All the gotchas I described above aren’t just cloud taxes, they’re hidden cloud taxes. You’re not measuring how much time your staff spends wrangling all the complexities of a cloud or two or three. This work is likely being spread amongst just the people you don’t want it to — developers. And back to the NoOps example, you’re now diluting your talent. Depending on your perspective and requirements, having an infrastructure team that knows and manages your own independent, isolated stack from top to bottom, who can troubleshoot issues at every layer of the OSI model, could carry less risk than running on a third-party black box. Perhaps you could also derive value by allowing your development teams to code features and bug-fixes instead of learning infrastructure technologies, designing complex systems, or hunting down idle ec2s.

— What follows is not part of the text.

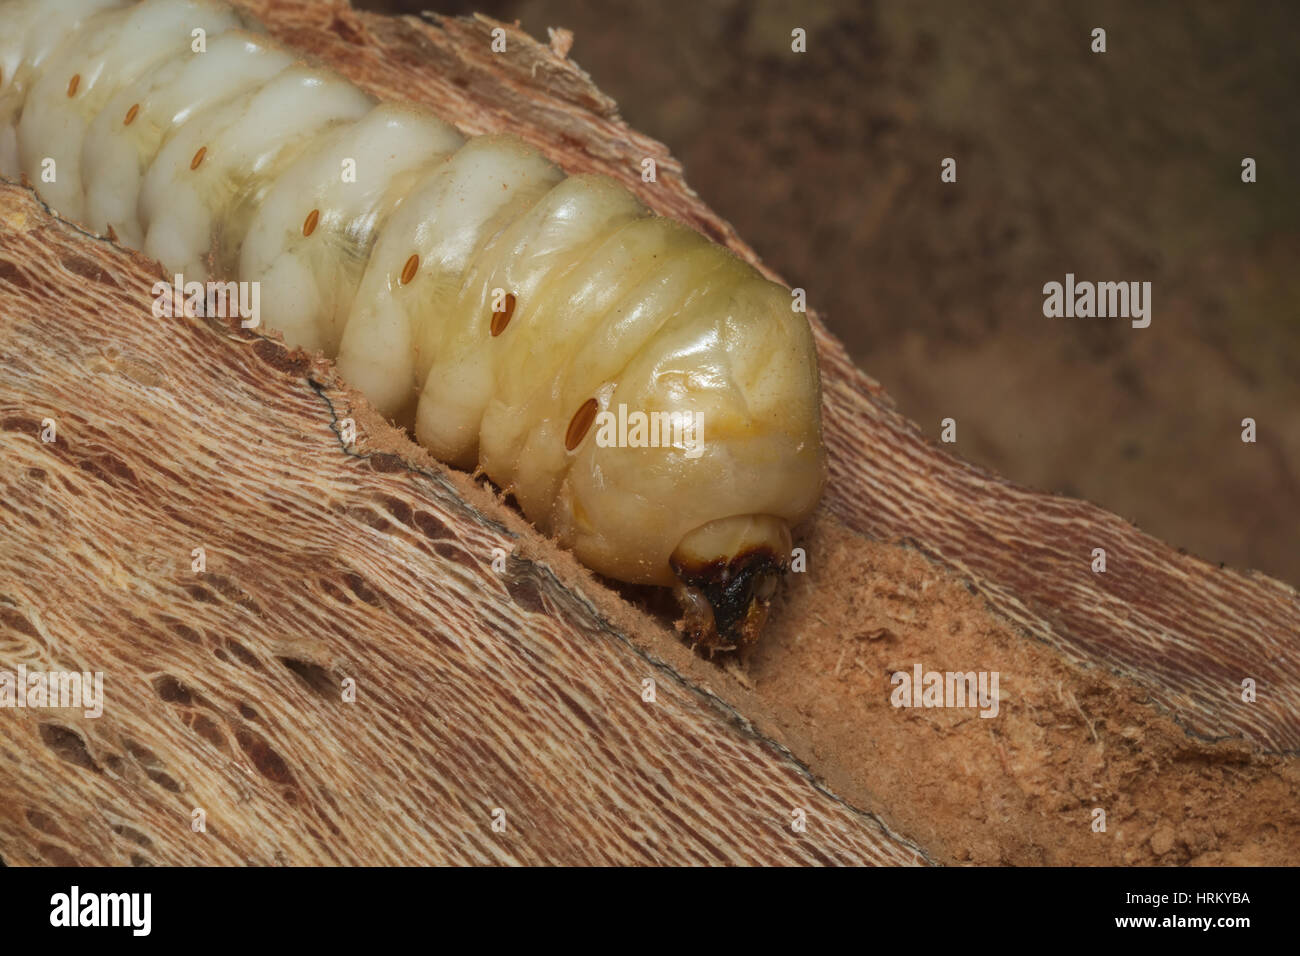 Detail of the head of a larva of  a stag beetle (Lucanus cervus) growing inside dead wood of an old tree Stock Photo

As is now evident, even in a pure cloud environment, you still need people to do the ops work. You may need a few less people, but you still need significant domain expertise, especially when you start increasing complexity. The savings you get from a few less datacenter-oriented salaries are at least partially offset by the additional workloads taken on by the developers, who will do it worse. It’s not a zero-sum game, but it’s in the ballpark, and if you’re not careful and disciplined, an unpredictably variable monthly AWS bill due to tinkering can hit you by surprise.

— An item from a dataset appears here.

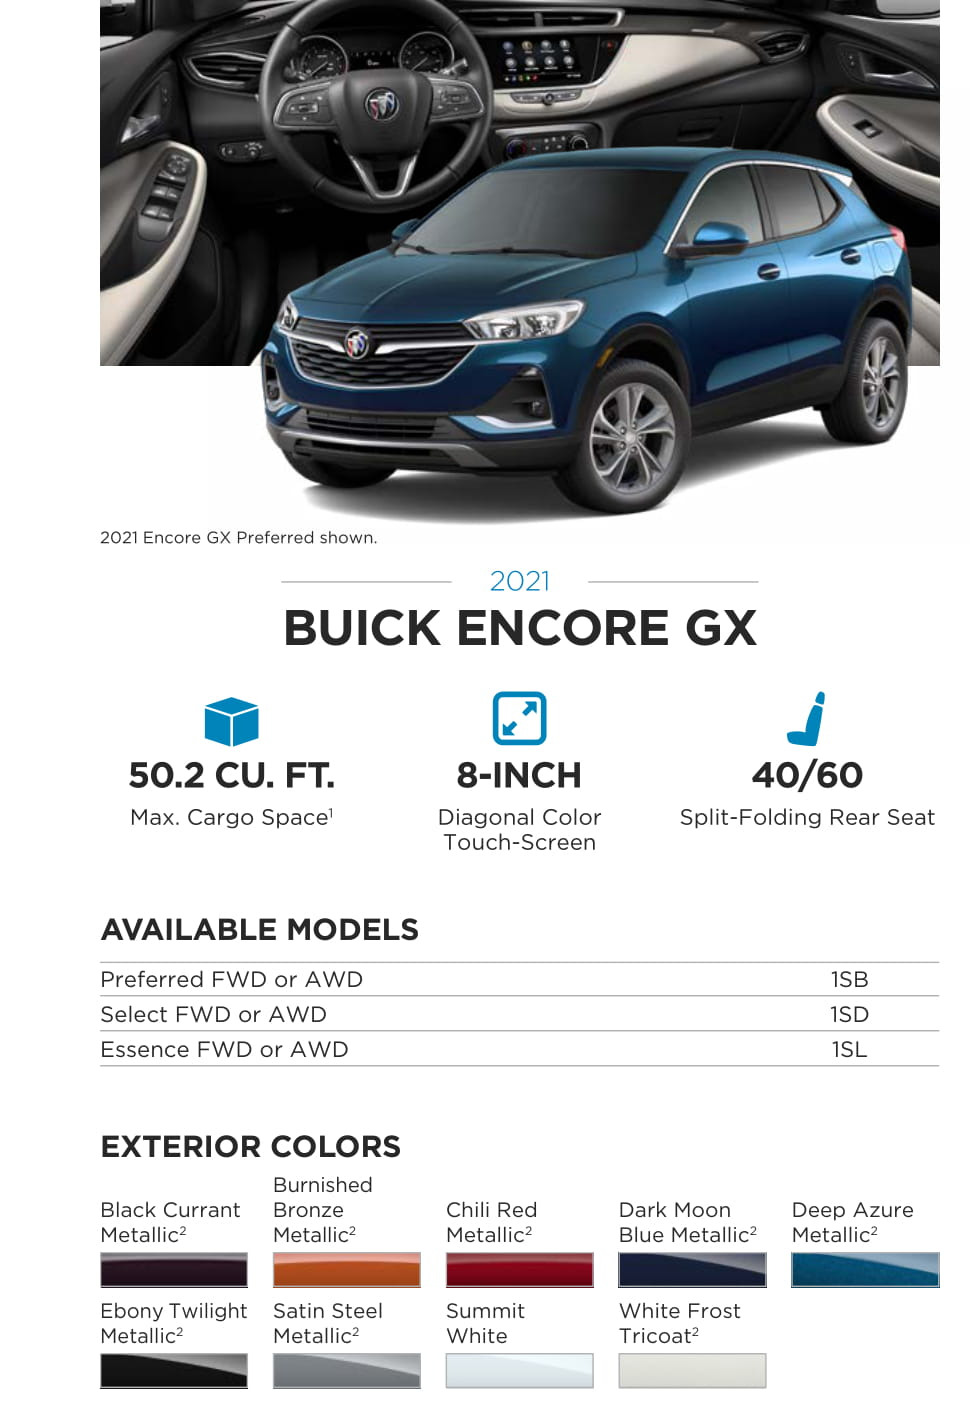 Exterior Colors used on this model Buick in 2021

The best case scenario for a cloud app is that you have a well-architected, auto-scalable application that relies as much on cloud-native services as possible, don’t have too much live/hot data, traffic, or ec2s, you don’t care too much about vendor lock-in, and you have discipline amongst your teams. This is Doing it Right, and this is when you outsource at least some portion of your infrastructure to a public cloud. But the more of those boxes you uncheck, the less value value you’re deriving from that spend. At some point, you will cross a threshold, at which point you would be saving money by paying the datacenter taxes as opposed to the cloud taxes. This is when you build.

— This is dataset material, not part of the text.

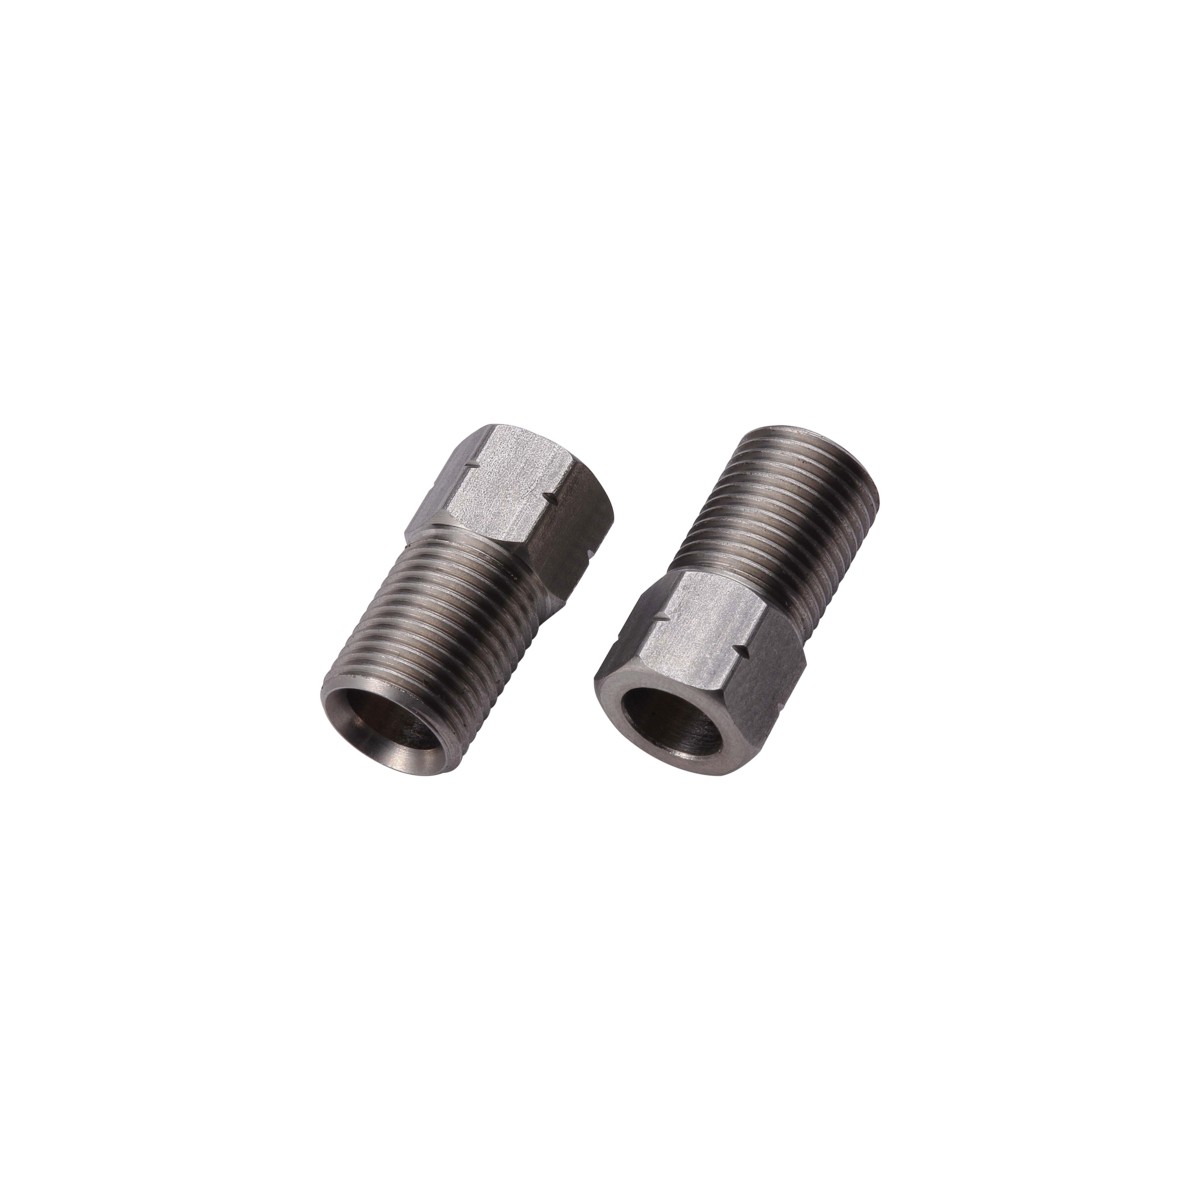 Compression Nut -Shimano - Stainless Steel  (25pcs)

Press enter or click to view image in full size
A few non-technical considerations: Is AWS, or at least the Northern Virginia us-east-1 region, now Too Big to Fail, in the vein of Bank of America and JP Morgan? Is your app hosted next to GovCloud, a possible terrorist target? How do you feel about paying a company that supports a sister company that allows its employees to die in warehouses from tornadoes and COVID-19, aren’t allowed to carry cell phones, and can’t take bathroom breaks? How about the idea of contributing to a budding monoploy? For all our love of distributed systems, there are a lot of eggs in a single basket.
You may not care about some of these issues, but depending on your corporate culture, some of your employees might. Some of your clients might as well. Amazon Retail has a lot of competitors, and not all of them are keen to pay their vendors to support the continued growth of a juggernaut.
Public clouds are a fantastic resource and can certainly save you money when used properly. But if you can’t fully commit to a cloud-native architecture, and if you are undisciplined and allow your developers to be swamped with work that prevents them from specializing in their core competencies, you’re gonna have a bad time. Buy when it makes sense. Build when it doesn’t.